- Born: Teresa Mary Anderson December 1962 (age 63)
- Education: University of Manchester; University of Edinburgh (PhD);
- Known for: Jodrell Bank Discovery Centre Blue dot festival
- Awards: Kelvin Prize (2014)
- Scientific career
- Institutions: University of Manchester
- Thesis: MICADO a system of decision support software for micro hydro power in Nepal (1992)
- Doctoral advisor: Bert Whittington Ewen Macpherson

= Teresa Anderson =

British physicist

Teresa Mary Anderson (born 1962) is a British physicist and the director of the University of Manchester's Discovery Centre at Jodrell Bank Observatory. She is a professor at the University of Manchester and the curator of science at the Bluedot Festival.

== Education ==
Anderson completed an undergraduate degree in the School of Physics at the University of Manchester in 1986. She earned a Masters in Instrumentation and Analytical Science. She received a PhD in Electrical Engineering from the University of Edinburgh
 where her thesis was on developing renewable energy systems in Nepal. She also holds a Master's degree in Fine Art from the Birmingham Institute of Art and Design.

== Career ==
After graduating she went on to work for Practical Action, a charity which uses technology to challenge poverty in developing countries. Anderson worked in the Himalayas, Sri Lanka and the South American rainforest. She returned to the UK to work with the Science Policy Research Unit and the University of Warwick on Renewable Energy and Climate Change Policy. Anderson spent three years creating the UK Café Scientifique network with Duncan Dallas and Tom Shakespeare, which has now established a significant national and international reputation. She then joined NESTA to work on Science-Culture-Arts policy.

===Jodrell Bank===
In 2006, Anderson joined Jodrell Bank Observatory. In 2010 she began to set up the Discovery Centre, which opened in 2011. Today Anderson is Director of the Discovery Centre at Jodrell Bank Observatory which welcomes over 185,000 visitors per year. The Jodrell Bank schools programme started in 2012 and sees 26,000 school children visit per year. The Centre is run as a Social enterprise and receives very little funding.

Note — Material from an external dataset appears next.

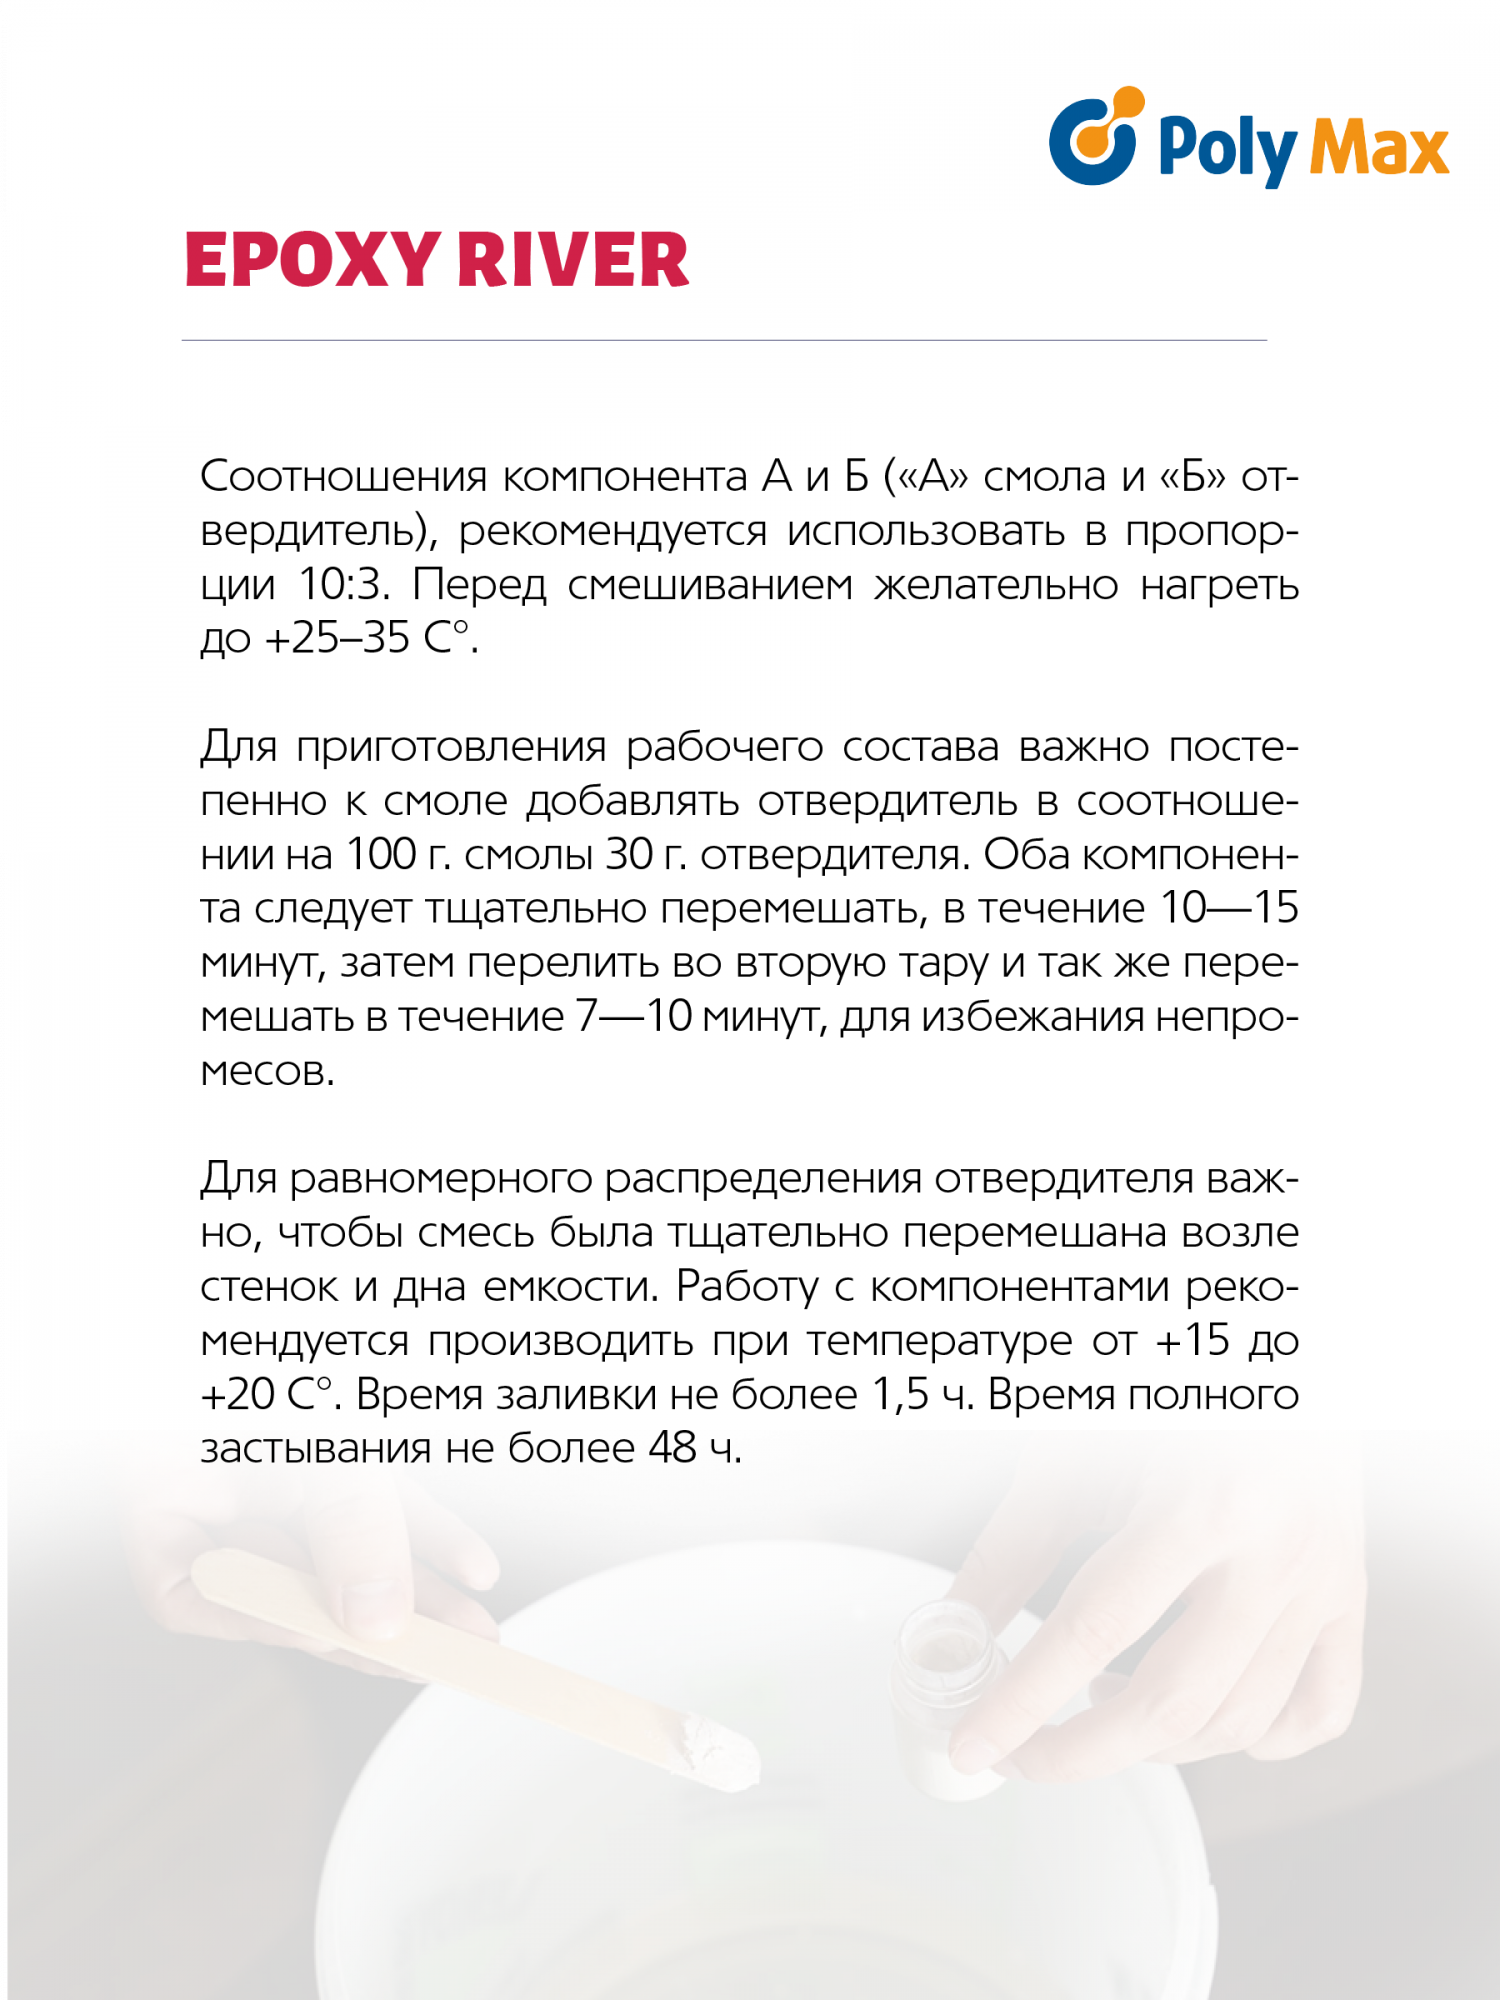 Эпоксидная смола Epoxy River 65 г PolyMax - купить в ИП Гончаров Максим Андреевич, цена на Мегамаркет

The centre run Live from Jodrell Bank science-music events, including bands such as The Flaming Lips, New Order and Elbow alongside scientific research such as graphene and the Large Hadron Collider. The Centre has won many awards, including Marketing Cheshire's Team of the Year and the UK Festival Awards Extreme Creativity award. In 2015 Anderson secured £12 million of Heritage Lottery Fund support to develop the Grade I listed site. In 2016, Anderson launched Bluedot, a festival of discovery based at Jodrell Bank Observatory. Practical Action are one of the Bluedot Festival's charity partners. She was awarded an honorary Professorship at the University of Manchester. In 2017, Anderson and the Jodrell Bank Observatory Discovery Centre were awarded £4 million in the Autumn Statement. After many years of work by Anderson and Professor Tim O'Brien, the site, home to the Lovell Telescope, was selected as the UK's 2019 nomination for UNESCO World Heritage Site.

===Awards and honours===
Anderson was recognised for her services to Astrophysics in 2013, when the Queen awarded her an MBE. She won the 2014 Institute of Physics Kelvin Prize for Public Engagement with physics, alongside Tim O'Brien. Anderson was Chair of the Association of Science and Discovery Centres in 2010, a role she held until 2015. Anderson is on the Advisory Panel for the Science and Technology Facilities Council Public Engagement strategy. She is a Fellow of the Royal Astronomical Society.

In 2015 Anderson became Chair of the Daphne Jackson Trust, a charity which supports scientists in their return-to-work following career breaks.